Question

graph this line using the slope and y-intercept:
y = 3x + 3
click to select points on the graph.

Explanation:

Step1: Identify y-intercept

The equation is in slope - intercept form \(y = mx + b\), where \(b\) is the y - intercept. For \(y=3x + 3\), \(b = 3\). So the y - intercept is at the point \((0,3)\).

Step2: Use slope to find another point

The slope \(m = 3=\frac{3}{1}\), which means for a run of \(1\) (increase in \(x\) by \(1\)), the rise is \(3\) (increase in \(y\) by \(3\)). Starting from \((0,3)\), if we move \(x = 0+1 = 1\), then \(y=3 + 3=6\). So another point on the line is \((1,6)\). We can also use a run of \(- 1\) (decrease in \(x\) by \(1\)) and a rise of \(-3\) (decrease in \(y\) by \(3\)). Starting from \((0,3)\), \(x = 0-1=-1\), \(y = 3-3 = 0\), so the point \((-1,0)\) is also on the line.

Step3: Plot the points and draw the line

Plot the points \((0,3)\), \((1,6)\) (or \((-1,0)\)) on the graph and then draw a straight line passing through these points.

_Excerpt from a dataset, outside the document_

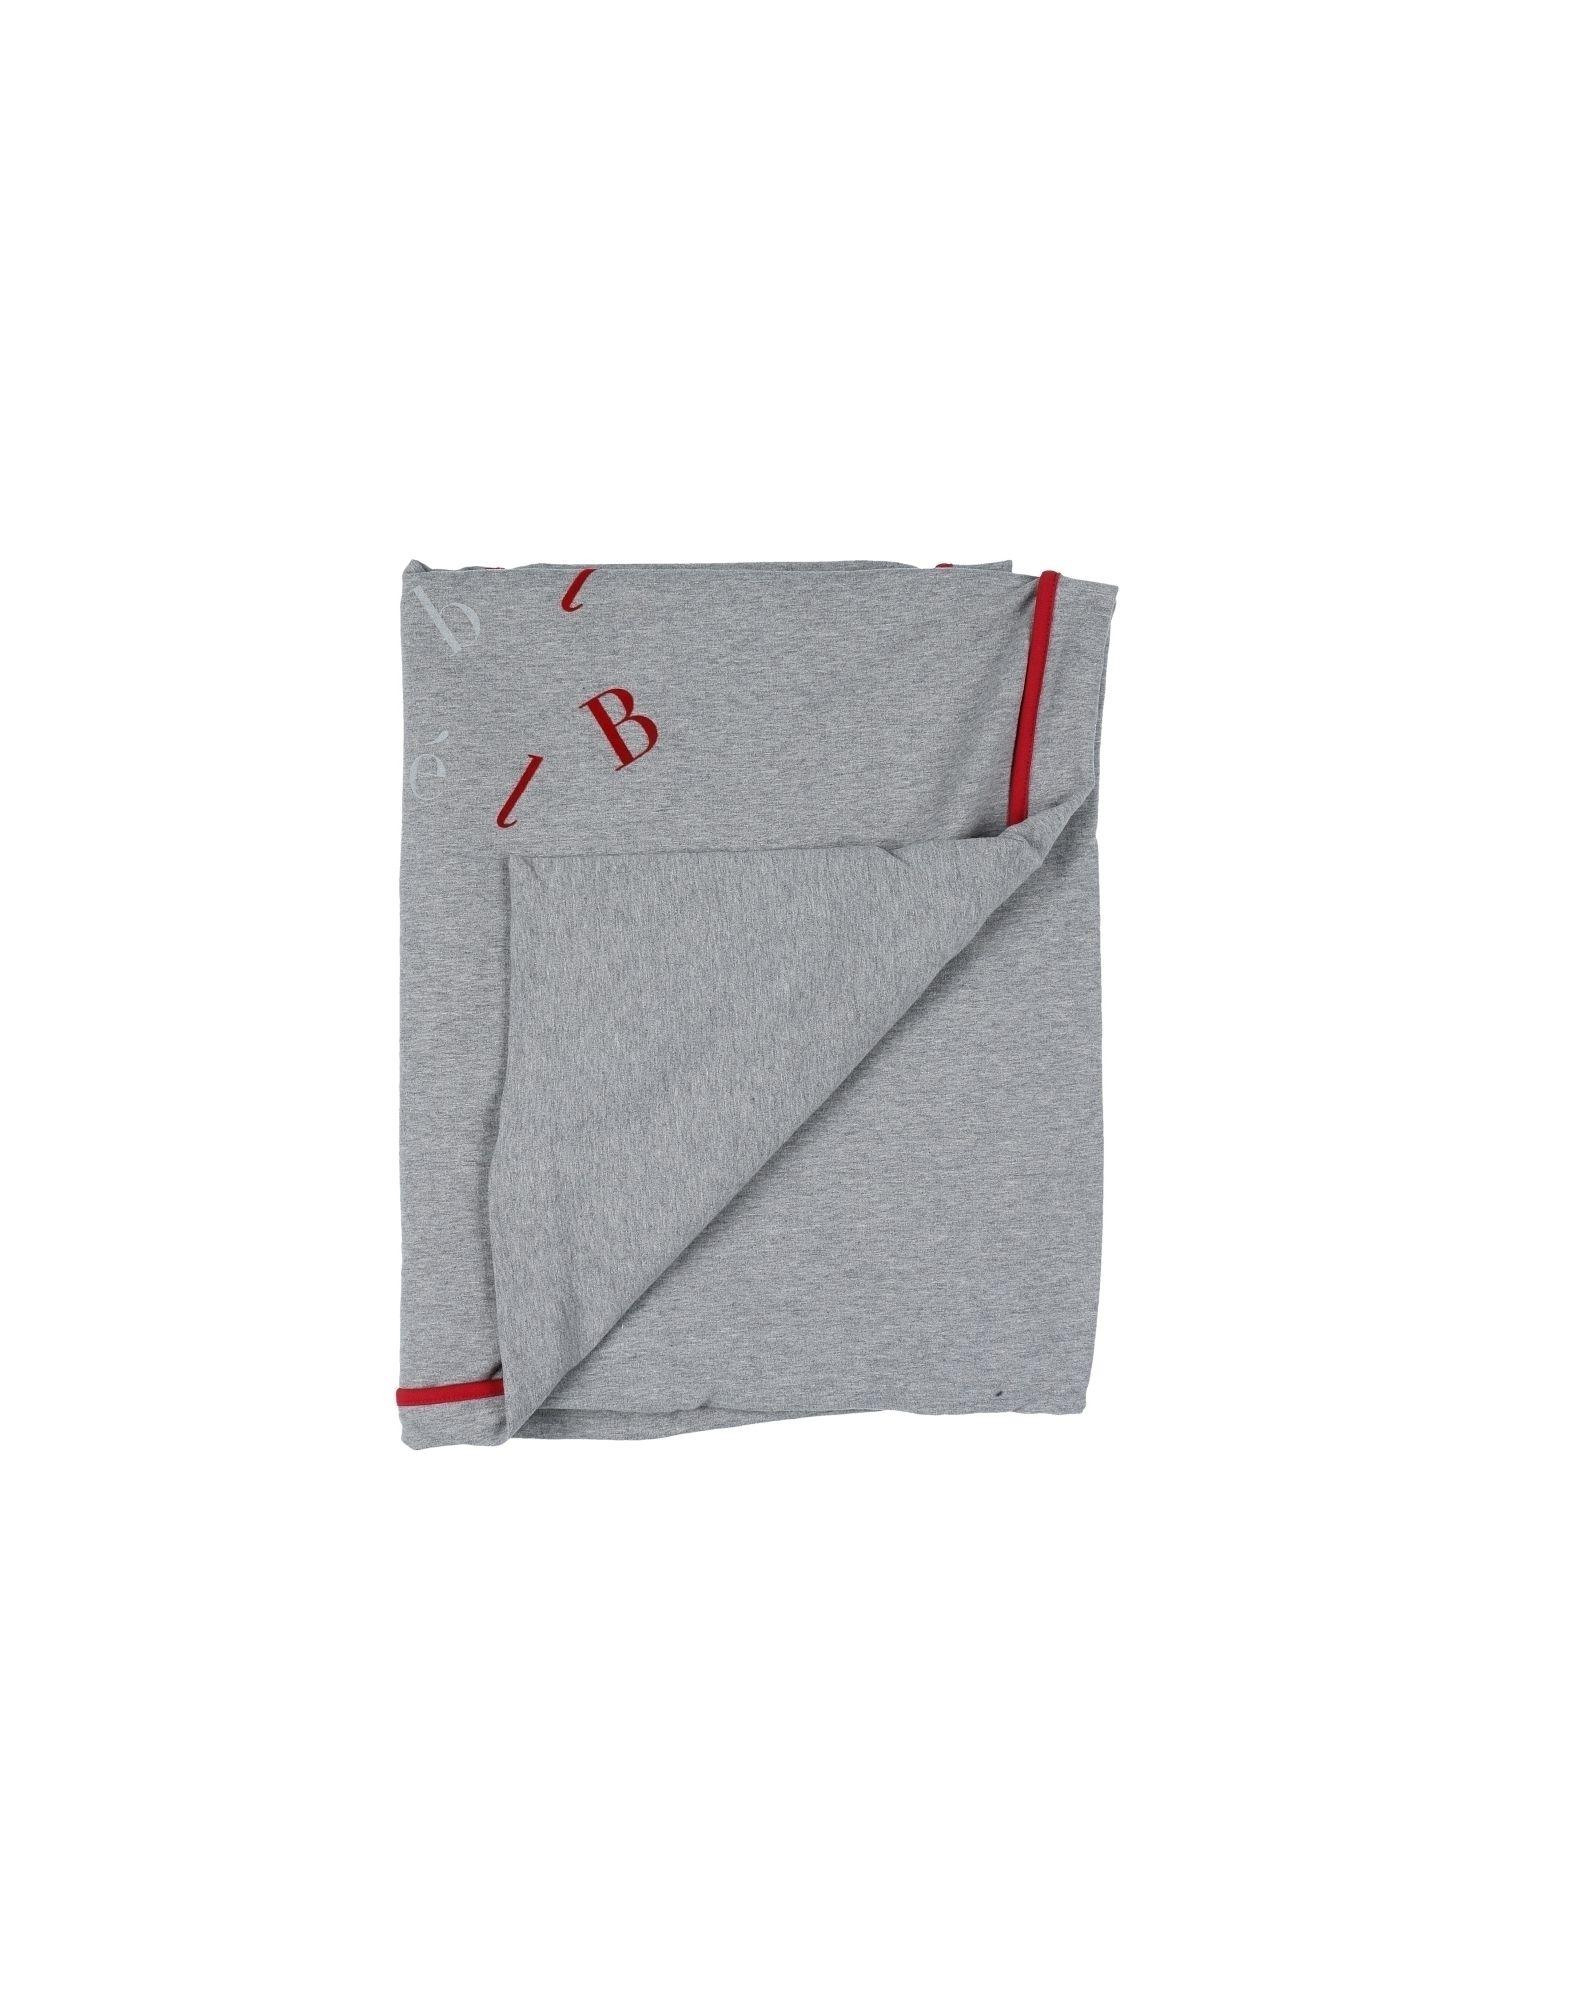 LE BEBÉ Одеяльце для младенцев molo одеяльце для младенцев

To graph the line \(y = 3x+3\):

1. Plot the y - intercept: Mark the point \((0,3)\) on the coordinate plane (where the \(x\) - coordinate is \(0\) and the \(y\) - coordinate is \(3\)).
2. Use the slope: From \((0,3)\), move \(1\) unit to the right (increase \(x\) by \(1\)) and \(3\) units up (increase \(y\) by \(3\)) to get the point \((1,6)\). Or move \(1\) unit to the left (decrease \(x\) by \(1\)) and \(3\) units down (decrease \(y\) by \(3\)) to get the point \((-1,0)\).
3. Draw a straight line through the plotted points.

(Note: Since the question is about graphing, the key points to plot are \((0,3)\) and another point like \((1,6)\) or \((-1,0)\) and then drawing the line through them.)

Answer:

To graph \(y = 3x + 3\), plot the y - intercept \((0,3)\) and use the slope \(m = 3\) to find another point (e.g., \((1,6)\) or \((-1,0)\)) and draw a straight line through these points. The line passes through points like \((0,3)\), \((1,6)\), \((-1,0)\) etc.